L’intensité de la remise en cause, du passage au tamis de toutes les valeurs héritées. La voilà, l’intense exigence initiale.
Deuxième ressort d’actualité pérenne légué par le surréalisme : dans le prolongement direct du Premier Manifeste, de fin 1924 à janvier 1925, Breton écrit une Introduction au Discours sur le peu de réalité dont le titre condense ce qui restera son impératif : « Le procès de l’attitude réaliste demande à être instruit. » De la lutte promise contre la version univoque d’un réel prétendument unique, par quoi s’imposent toutes les aliénations, émergera la fameuse conception démultipliée de « la » réalité, la surréalité, « où la vie et la mort, le réel et l’imaginaire, le passé et le futur, le communicable et l’incommunicable, le haut et le bas cessent d’être perçus contradictoirement » (première annonce du Second Manifeste). Peut-on reprocher à Breton de poser cette question qui devrait nous être éternelle autant que quotidienne : « c’est la réalité même qui est en jeu » ? Or, aujourd’hui, on reste rêveur lorsqu’on entend énoncer cette « révision absolue des valeurs réelles sur laquelle aujourd’hui tous les esprits s’accordent »… Où l’on comprend pourquoi le surréalisme n’entendit pas être un mouvement littéraire de plus, mais une discipline d’éveil.

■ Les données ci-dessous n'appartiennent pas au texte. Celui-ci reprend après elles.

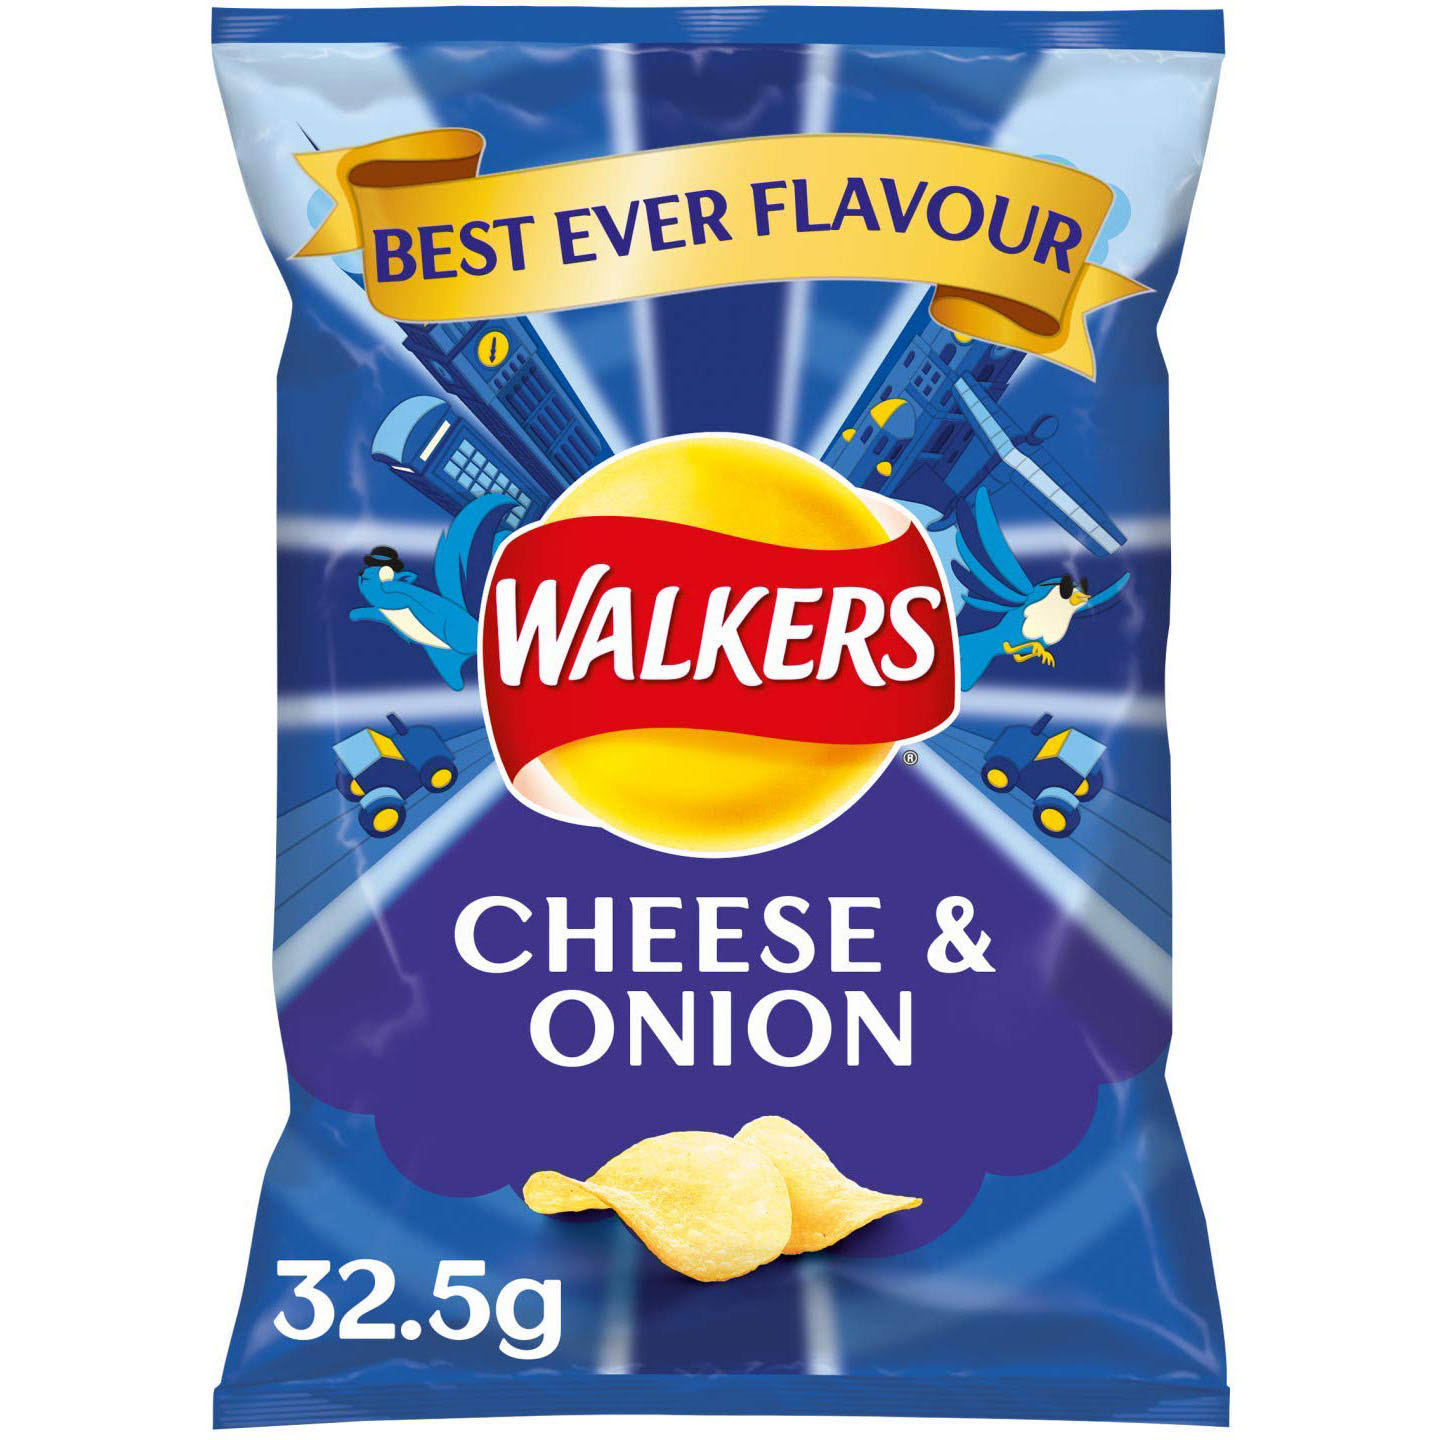 Walkers Crisps - Cheese & Onion

Au service de la révolution
Et c’est le troisième motif qui explique le rappel de tonicité que le surréalisme injecte à « notre » époque : l’intensité de la remise en cause, du passage au tamis de toutes les valeurs héritées. La voilà, l’intense exigence initiale. Cette exigence, douce à qui veut vivre, est violente à l’hystérie des modérés, elle leur est insupportable. Symptomatique à cet égard : que n’a-t-on entendu depuis des décennies, depuis les années 1980 au bas mot, sur l’auteur des Manifestes… Ils en avaient assez de celui en qui ils voyaient le terroriste intellectuel en mal de papauté littéraire, l’intransigeant – ce qu’il était effectivement – qui excluait ceux qui abandonnaient l’enjeu de « changer la vie », l’amour, le monde.
Il est vrai que le Second Manifeste aligne des pages d’anathèmes et de règlements de compte qu’en 1946, dans la réédition, Breton ne cache pas regretter : « à mes dépens, les jugements parfois hâtifs que j’y ai portés ». Mais quinze ans auparavant, il couronnait de comique ses excommunications en s’accusant… de quoi ? : « S’il est une accusation à laquelle je reconnais avoir longtemps donné prise, c’est assurément celle d’indulgence », suit l’une de ses notes fulminantes de trois pages où il se tance « d’avoir tardé à pratiquer cette hécatombe » contre « les essoufflés », « voyous de presse », « les viveurs, deux ou trois maquereaux de plume, un crétin », pour conclure d’un mot, en majuscules et paragraphe : « MERDE. » Sidérant. Mais quoi, cela fait rire et dissuaderait le laisser-aller de l’Ambiance qui noie le marché d’œuvres des médieux et fins-lourds que laissent dire les doux douteurs au motif « qu’on n’y peut rien » ; tout laisser dire « avec nuances », c’est étouffer la tolérance par l’indifférence, c’est mépriser a priori le peuple démocratique, se mépriser soi-même.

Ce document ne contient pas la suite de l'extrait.